Madhuku also stressed that physical court hearings remain critical to public confidence in the justice system.

“There is something important about the public seeing justice being done in a physical courtroom. That element still matters,” he said.

But his sharpest criticism was reserved for court procedures, which he said waste judicial time and slow down case resolution regardless of how many judges are appointed.

“In the High Court, for example, a lawyer may be allowed to speak for an hour, when what they are saying could be said in 15 minutes. Then the opposing lawyer speaks for another hour,” Madhuku said.

By contrast, he said, the Supreme Court’s strict time limits promote efficiency.

“When you go to the Supreme Court, they tell you that you have 15 minutes. If you need more time, you ask for it, and maybe you get another five minutes. That discipline forces efficiency,” he said.

Madhuku said unless court procedures are overhauled, adding more judges or rolling out technology will have limited impact.

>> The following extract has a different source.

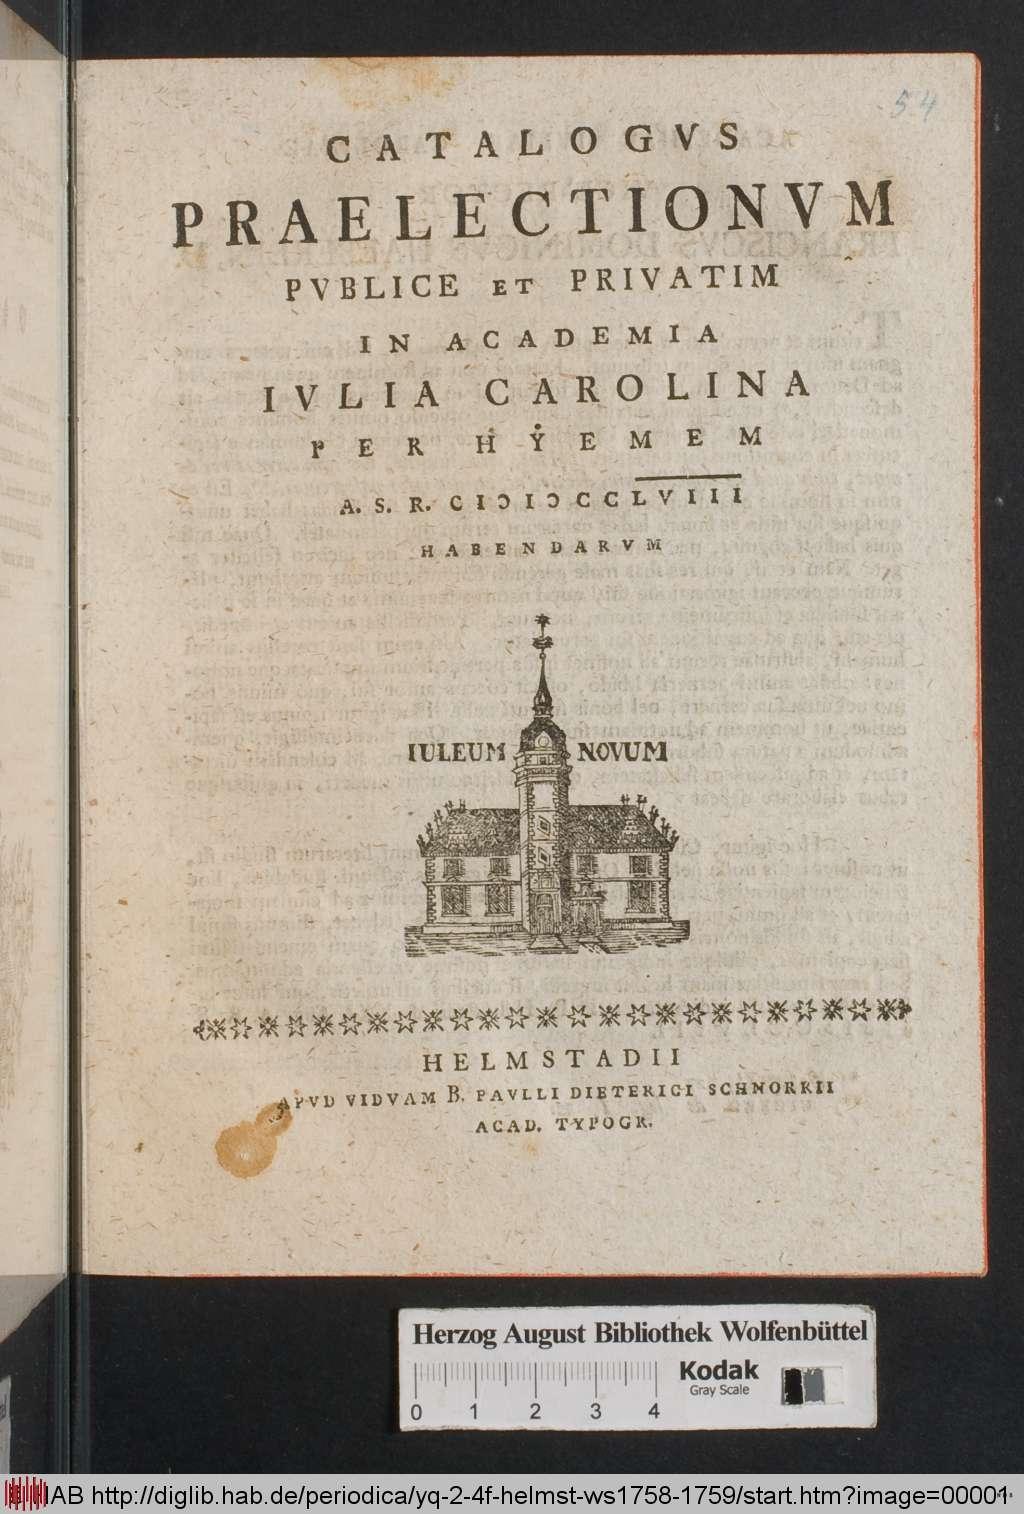 http://diglib.hab.de/periodica/yq-2-4f-helmst-ws1758-1759/00001.jpg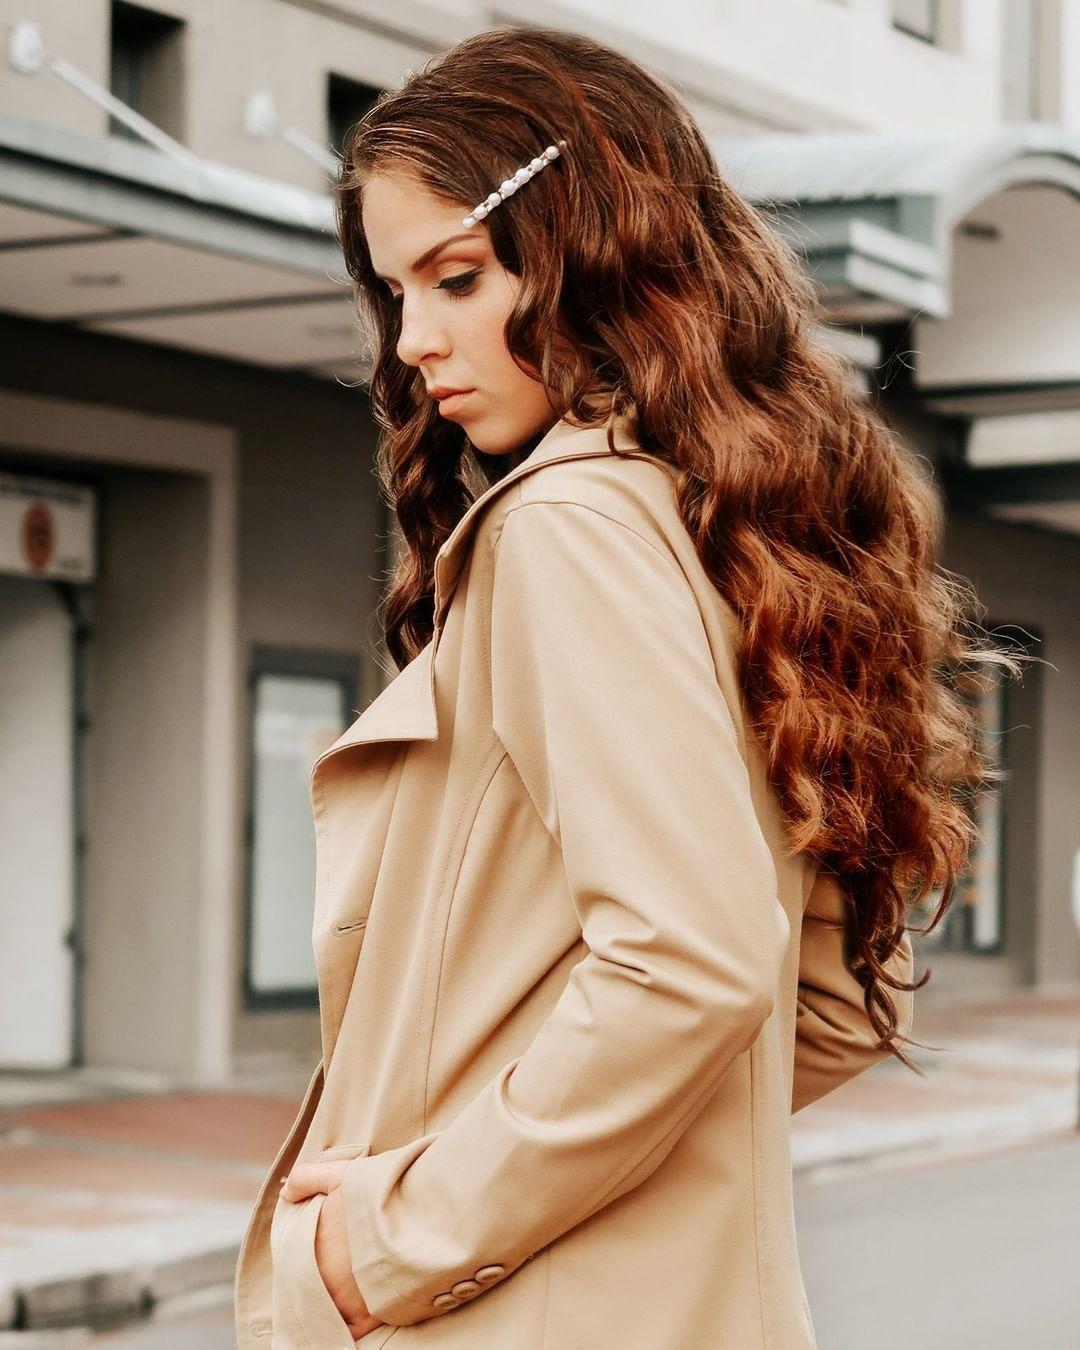 Femme aux longs cheveux châtain bouclés

“That is where the real problem lies. The delays are not mainly about staffing levels or technology, they are about inefficient procedures,” he concluded.

Malaba, addressing the same legal year opening, painted a starkly different picture, saying Zimbabwe’s entire justice system was being carried by just 80 judges and 250 magistrates, a figure he said was inadequate given rising litigation.

Deputy Chief Justice Elizabeth Gwaunza echoed the concern, warning that judges were operating under “unbearable pressure” that could affect both the quality of justice and their health.

But Madhuku maintained that without procedural reform, the staffing debate risks missing the point.

“If we do not fix how cases are handled, we will continue to move slowly, no matter how many judges we appoint,” he said.